High Frequency: Accounting for the CPU overhead of SSL/TLS handshakes, comparing RSA and EC certificate impacts.
Confusion Alert: Distinguishing between per-SE resource limits (vCPU/Memory) and Service Engine Group (SEG) aggregate limitations.
Scenario Logic: Calculating required SE resources based on expected Gigabits per second (Gbps) and Connections Per Second (CPS).
Version Delta: Modern sizing must account for the specific performance profile of the underlying vSphere host hardware.
Atomic Deconstruction
Actionable: Conduct a sizing exercise by evaluating the application's peak throughput and cryptographic requirements before defining SE Group resource maximums.
Parametric: Monitor the impact of Elliptic Curve (EC) certificates, which typically offer lower CPU overhead compared to traditional RSA certificates at similar security levels.
Causal: Under-provisioning vCPU or Memory at the SE level will lead to packet drops and increased latency when the application reaches peak CPS.
SKILLS.md Matrix
| Metric | Design Constraint | Impact |
|---|---|---|
| Throughput | Gbps requirement | Number of SEs / vCPU count |
| Transactions | CPS requirement | CPU cycles for handshakes |
| Memory | Concurrent sessions | Persistence table and buffer size |
Elastic Scale-Out and Scale-In Logic
Exam Radar
Core Priority: Defining the automated triggers that adjust data plane capacity without manual intervention.
High Frequency: Setting CPU, memory, and throughput thresholds that signal the Controller to provision additional SEs.
Confusion Alert: Distinguishing between the scale-out event (adding SEs) and the cooling period (preventing rapid flapping).
Scenario Logic: Predicting how the Controller redistributes existing connections and manages Gratuitous ARP during a scale-out.
Version Delta: Utilizing duration-based rules to ensure stability during fluctuating traffic patterns.
Atomic Deconstruction
Actionable: Configure Analytics Profiles with specific percentage thresholds (e.g., 80 percent CPU) to trigger the automated spin-up of new SE VMs.

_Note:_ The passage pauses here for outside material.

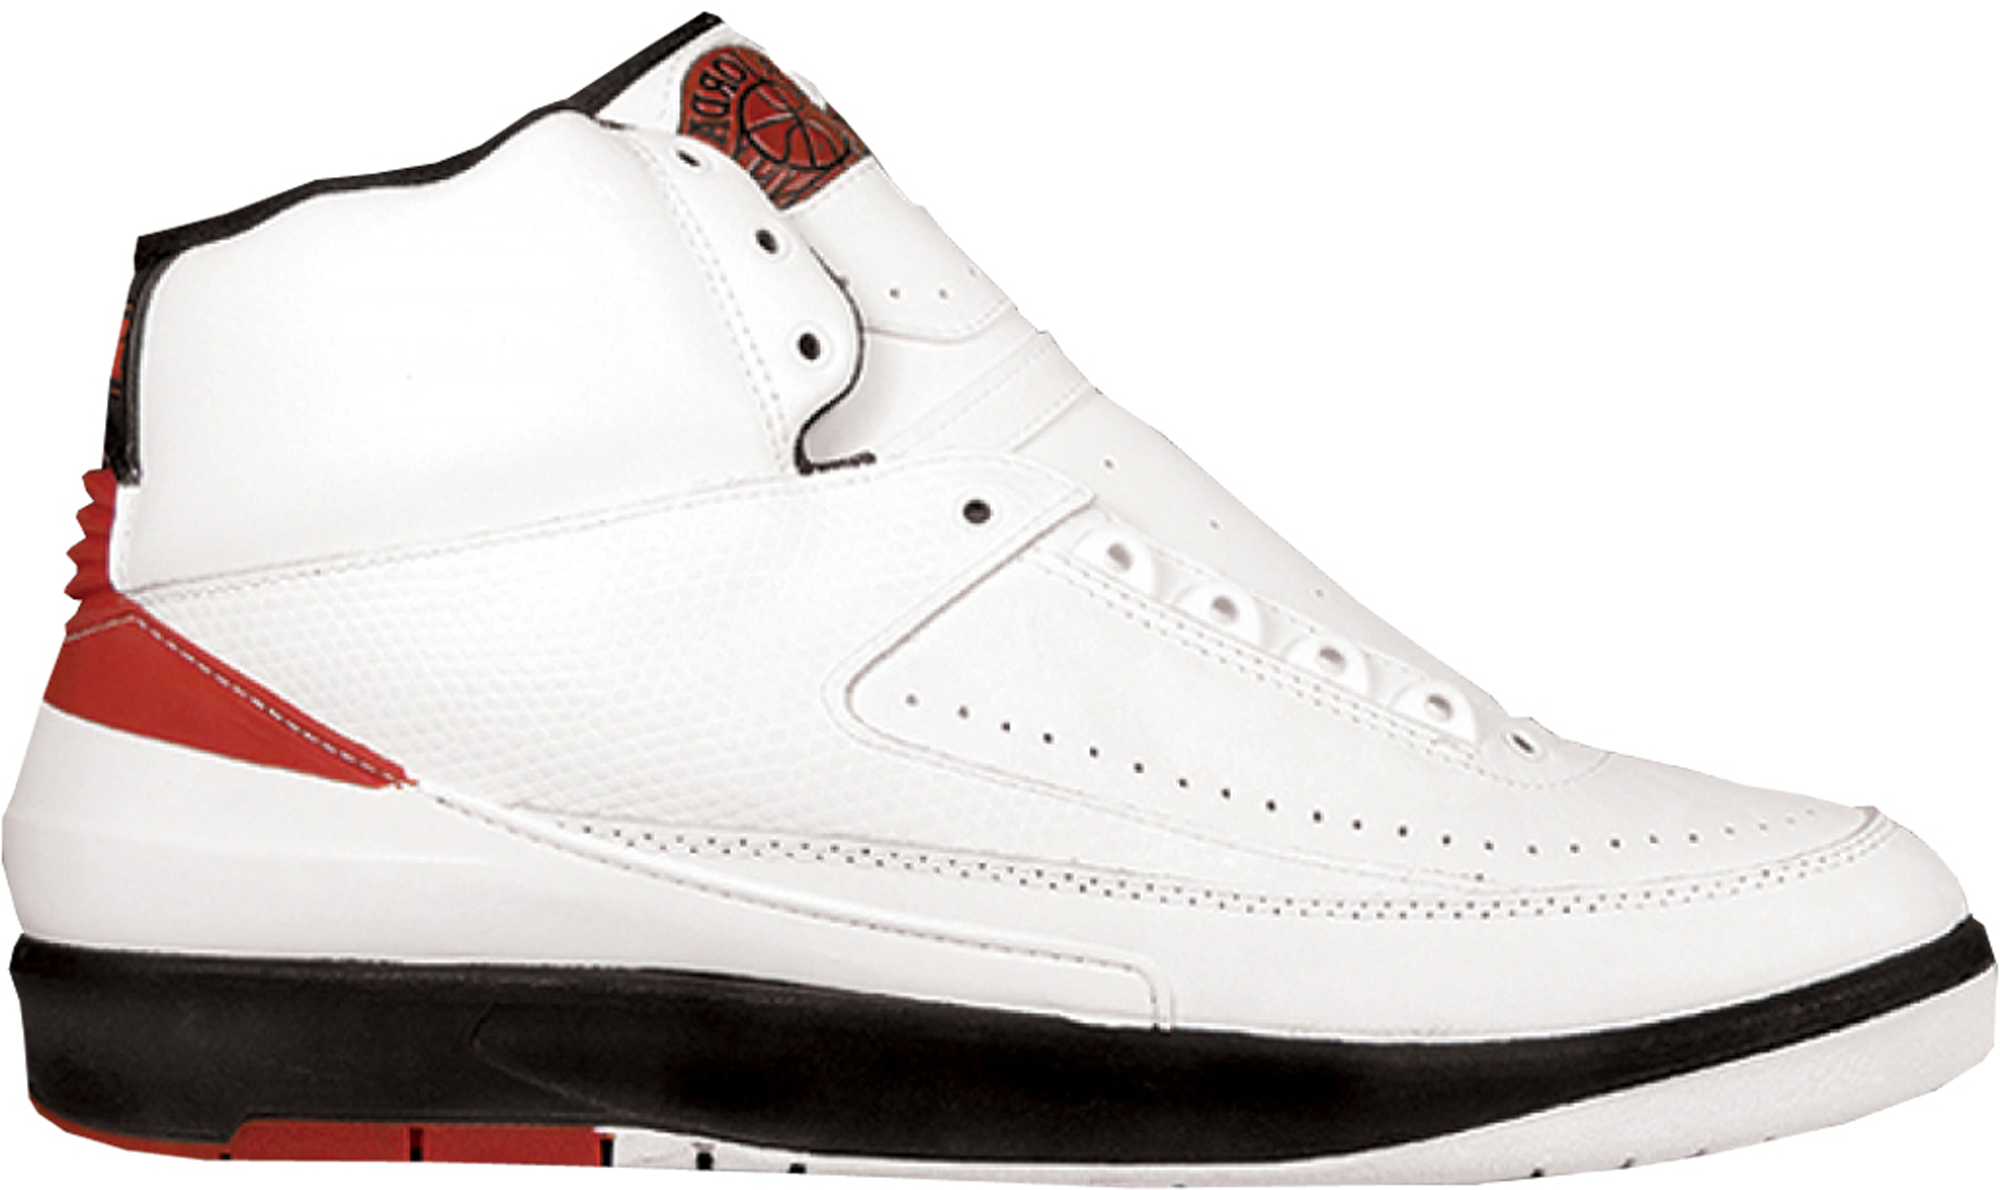 Jordan 2 Retro Chicago 1994 - 130235-161

Parametric: Define scale-in cooling periods to ensure that capacity is not removed too quickly after a transient traffic spike.
Causal: Automatic scale-out prevents application downtime by ensuring that the Virtual Service (VS) always has sufficient aggregate CPU/RAM to process incoming requests.
SKILLS.md Matrix
| Logic | Design Requirement | Goal |
|---|---|---|
| Scale-Out | High-watermark threshold | Performance preservation |
| Scale-In | Cooling period duration | Flapping prevention |
| Redundancy | N+M Buffer | Spare capacity maintenance |
High Availability (HA) Mode Selection
Exam Radar
Core Priority: Aligning the HA mode with application criticality and Recovery Time Objectives (RTO).

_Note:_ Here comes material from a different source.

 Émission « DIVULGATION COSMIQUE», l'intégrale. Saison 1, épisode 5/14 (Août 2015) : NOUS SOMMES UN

High Frequency: Comparing Elastic HA (N+M) for efficient redundancy versus Elastic HA (Active/Active) for maximum throughput.
Confusion Alert: Identifying that Legacy Active/Standby is suitable only for basic requirements and limits total throughput.
Scenario Logic: Choosing the Active/Active design for instantaneous failover where multiple SEs serve the same VIP simultaneously.
Version Delta: Selecting the default recommended N+M mode for a balance of efficiency and availability.
Atomic Deconstruction
Actionable: Select the HA mode within the SE Group configuration based on whether the application requires maximum throughput (Active/Active) or efficient resource usage (N+M).
Parametric: In N+M mode, configure the "M" buffer to specify how many spare SEs the Controller should maintain across the group.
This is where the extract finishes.